Meme-Dweller
·Kind of odd to have a racing-themed chapter ring and then some Greek or Roman dude lookin' all emo on the 9 o'clock subdial.
I think partly the reason for the whole "faux" lume discussion is the use of word "faux". It is not faux lume. It was not aged artificially. No one is lying to anybody by calling it "tritium". It simply is a normal modern lume with additional pigment to make it look brown/yellow when uncharged. I really don't get people who get worked up about this stuff. You like your lume white? There are millions of options out there. Fancy blue? There is a watch out there for that, I am sure...Prefer yellow?
But it is pretending to be something it is not: old. Beige lume (let's face it it's beige) isn't used on strikingly modern pieces for funky colour contest purposes, it's used here so your shallow co worker thinks you dropped £20k on an antique 60s piece.
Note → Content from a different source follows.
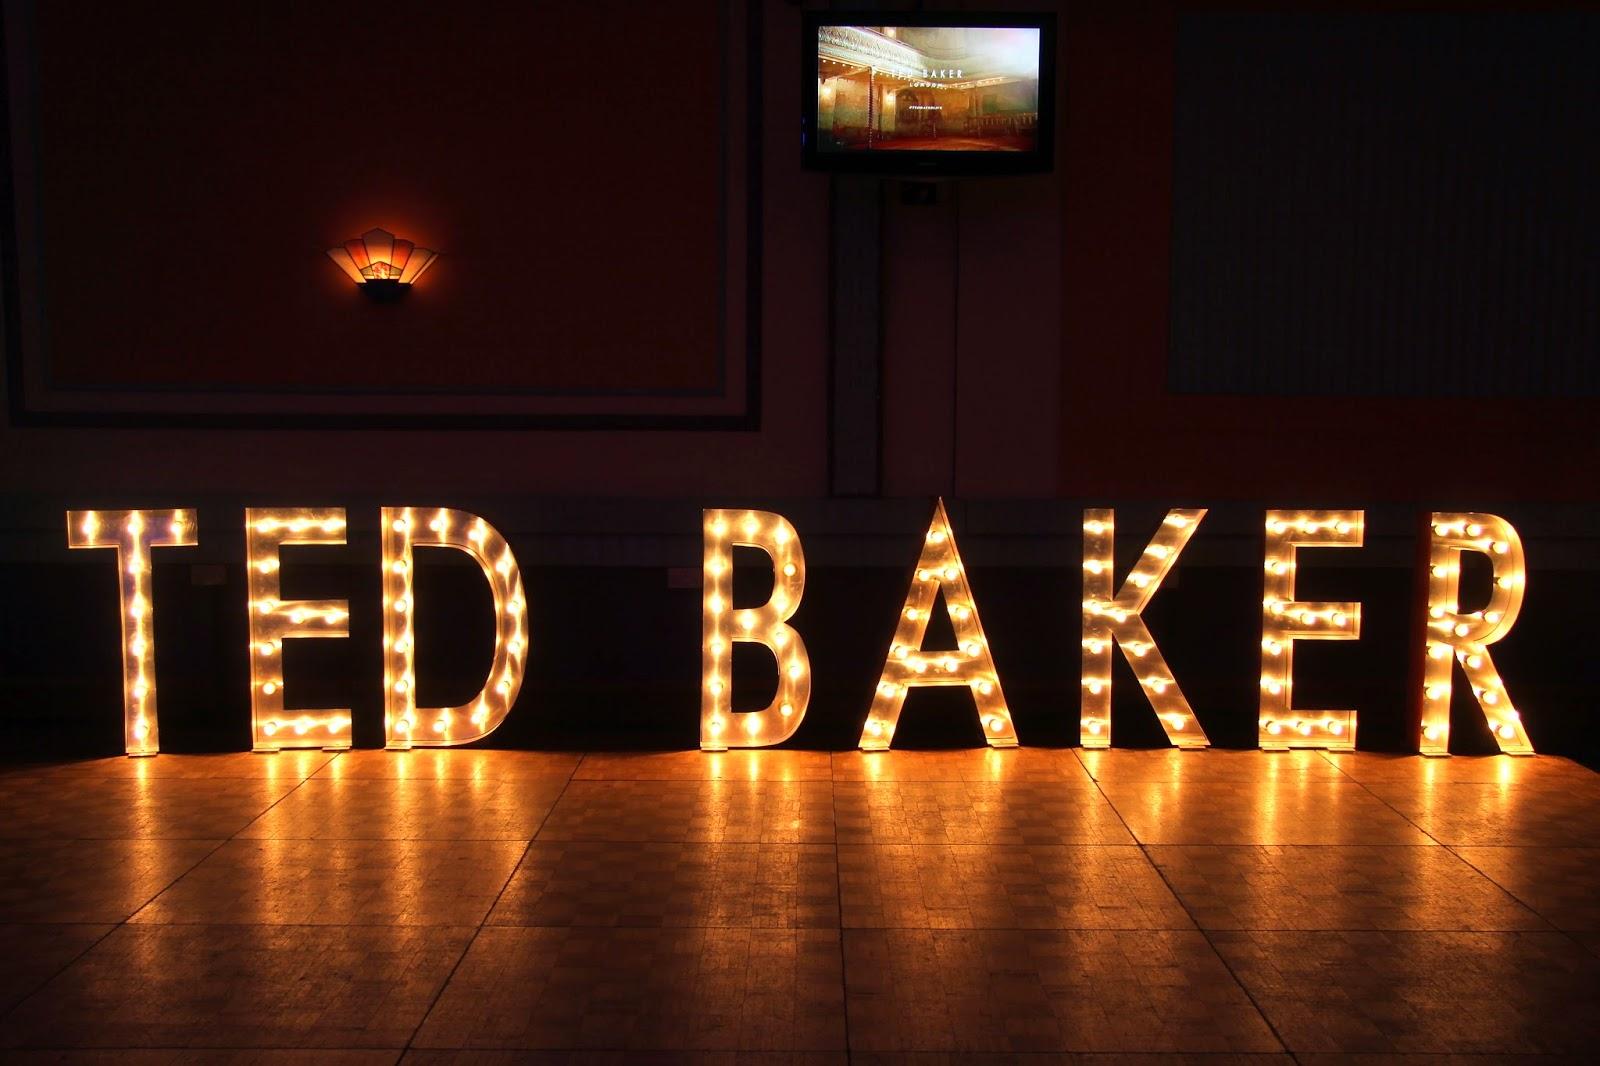 Camille et les garçons TED BAKER LONDON - part 1 1

Would you prefer the more accurate description 'faux aged lume' because that is what it is. It is homage which from one POV is the first baby step on the slippery slope to fakery.
Would you prefer the more accurate description 'faux aged lume' because that is what it is.
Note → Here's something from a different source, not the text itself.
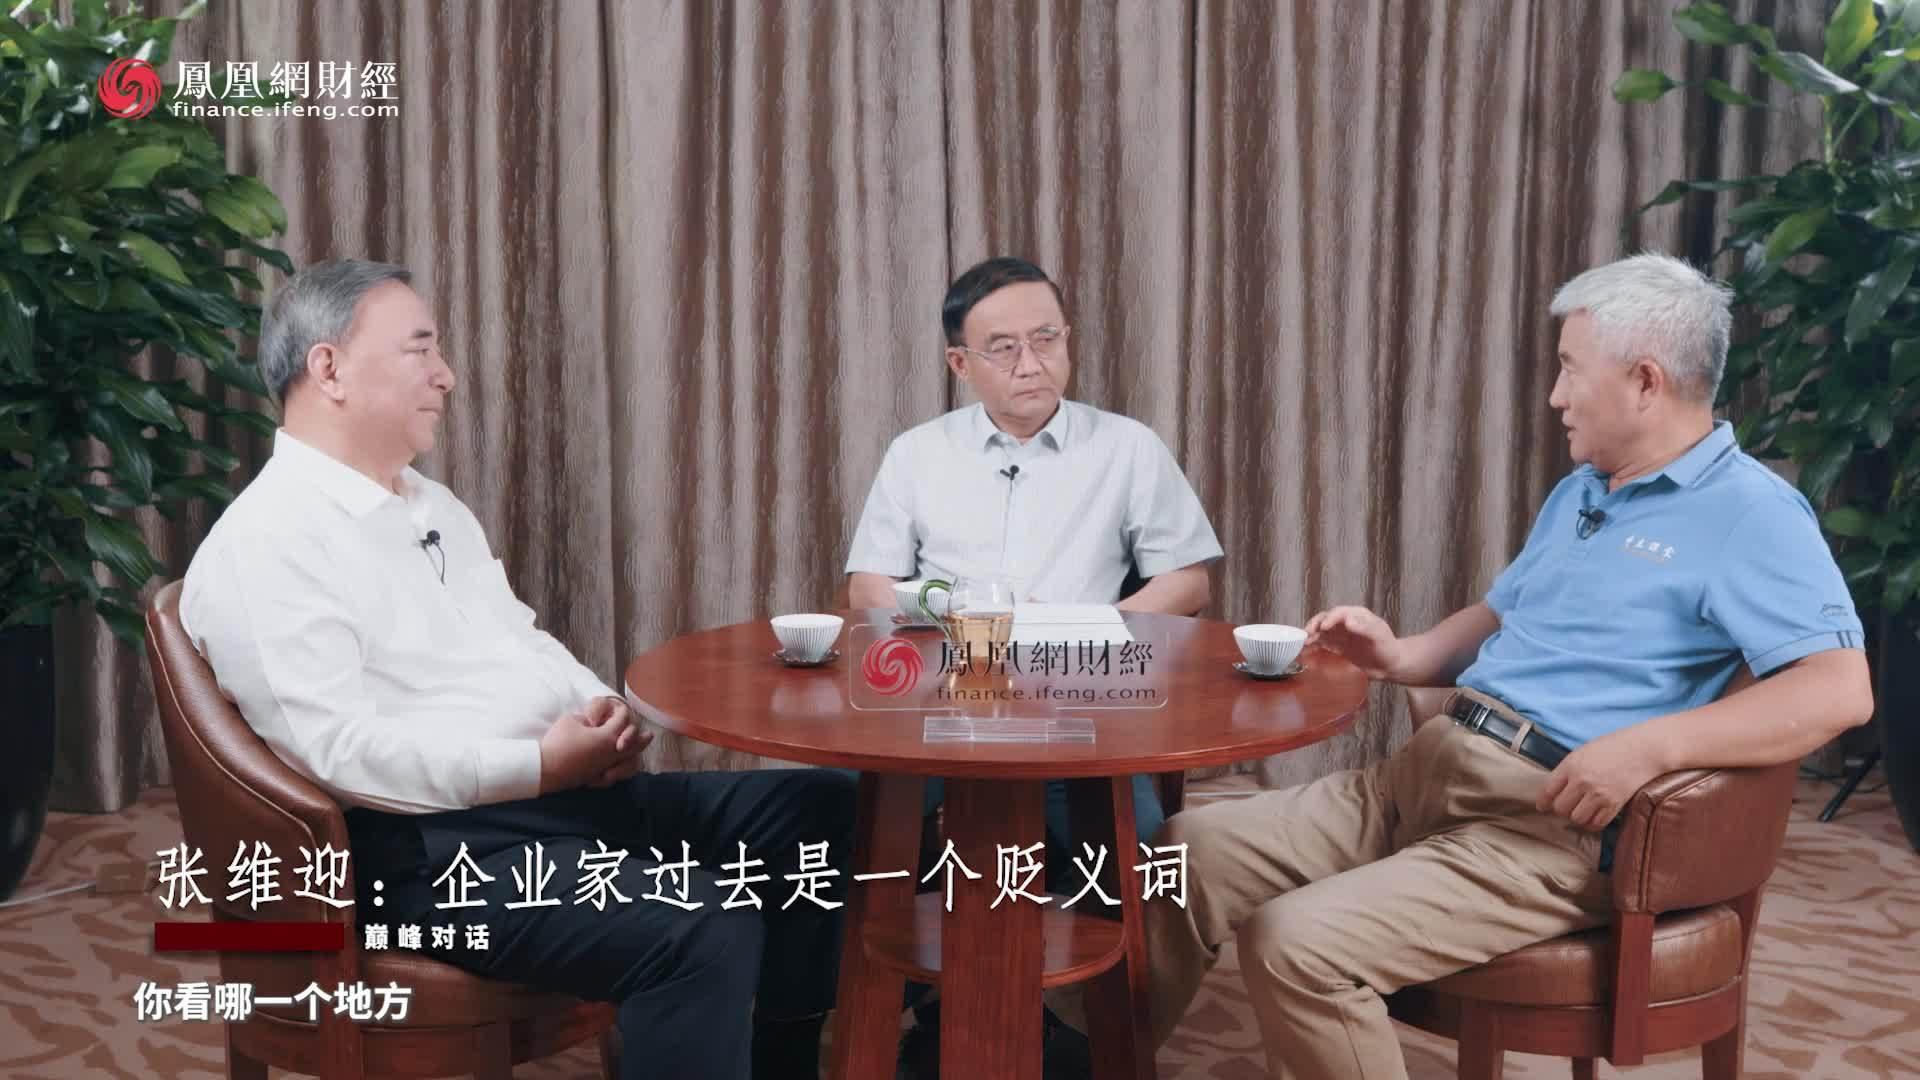 宋志平、张维迎、刘科:论道企业家精神|巅峰对话(上集)

Can modern lume materials age (develop a patina if you peter) like the old stuff did, or have they developed them to the point that they now last and will always be the colour when originally applied? Same goes for other elements like the dial paint?
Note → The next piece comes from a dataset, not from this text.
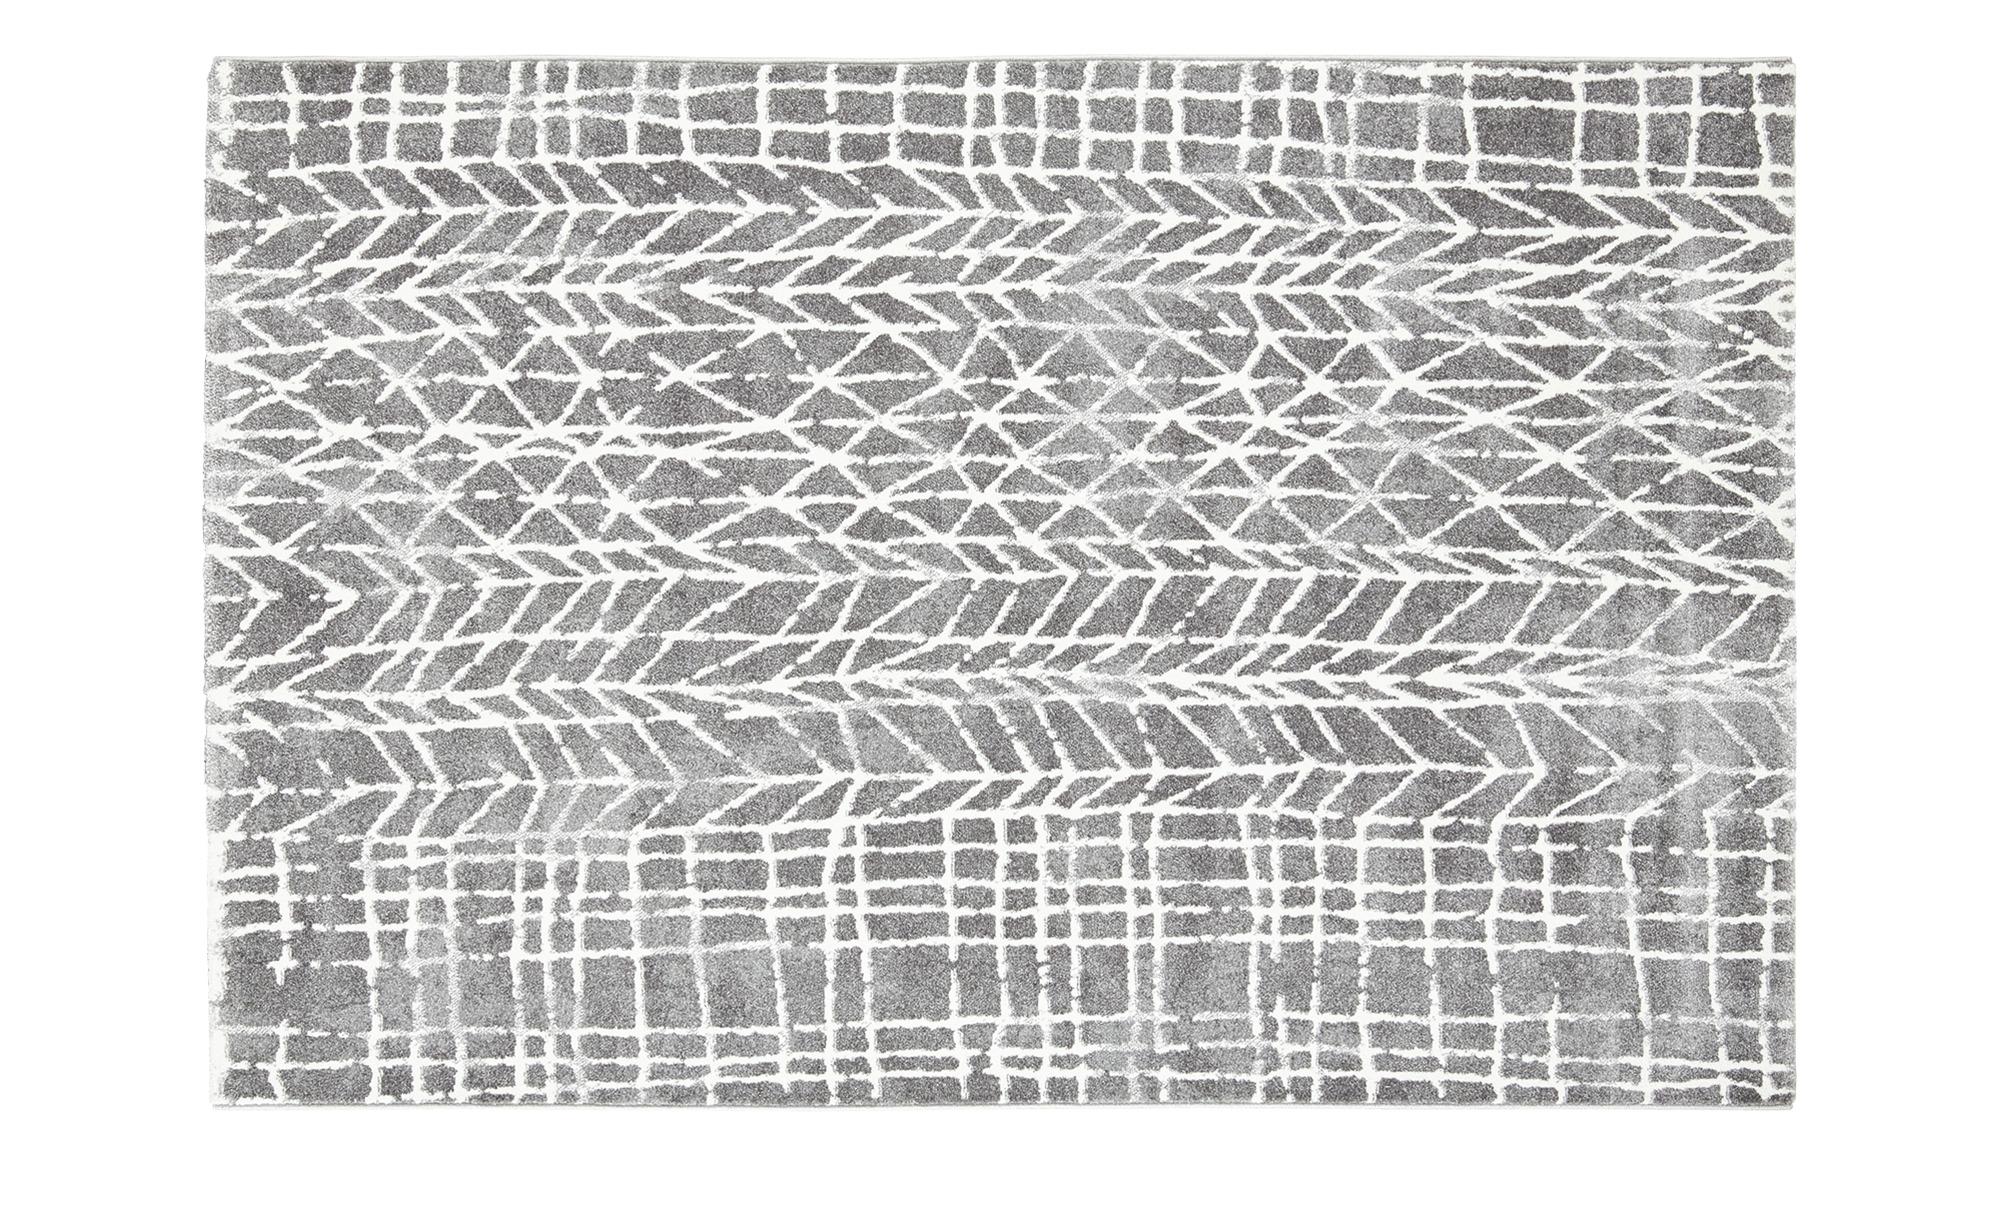 Webteppich  MoveOne ¦ grau ¦ 100% Polypropylen, Synthethische Fasern ¦ Maße (cm): B: 80 Teppiche > Wohnteppiche - Höffner

Kind of odd to have a racing-themed chapter ring and then some Greek or Roman dude lookin' all emo on the 9 o'clock subdial.
The Dude you are talking about had his step on the Moon itself, so why not be on a ceramic subdial?
Siperluminova doesn't age, so it will look as new in 20-30-40 years down the track. The dial making tech is MUCH better now so in theory there should be no cracking or discolouring but I am sure some pieces will develop that, either due to manufacturing defects or because of damage (micro scratches on dial surface, removing protective coating in some places, etc).
Why did they stop with the lume? If they really wanted to reference the 50s pieces as they are now perhaps banged up bezels, flaking dials and scratched crystals should have been recreated too. If you think about it, the lume is the only faux aged part, everything else nods towards how the pieces looked in 1957 when brand new. That inconsistency jars with me and maybe many others hence the comments.
I don't buy the whole 'superluminova doesn't age, and will look bright white in 50 years' line.
100 year old ceramic tiles, antique glass, everything ages to a degree. It might not turn a dark orange colour, but I can't see it being a smooth, consistent bright white in 50 years time.
The late 90's Seamasters already have a slight tinge to their markers.
think partly the reason for the whole "faux" lume discussion is the use of word "faux". It is not faux lume. It was not aged artificially. No one is lying to anybody by calling it "tritium". It simply is a normal modern lume with additional pigment to make it look brown/yellow when uncharged
The Seamaster Pro models such as the Bond SMP made from 1993-1997 used tritium so of course will age and lose luminosity. Those produced from 1997 onwards show very little if any change whatsoever over brand new so I am not persuaded that S-L changes in any meaningful way over the short to medium term, perhaps a very slight shift from green to grey on a few examples I have seen. It is not widely realised that there are many skeleton hands SMPs out there with fading tritium dials, only problem is the hands never seem to change colour as much so many look mismatched when in fact perfectly straight. The early dials don't have the T's which can make people think they all have S-L. They don't.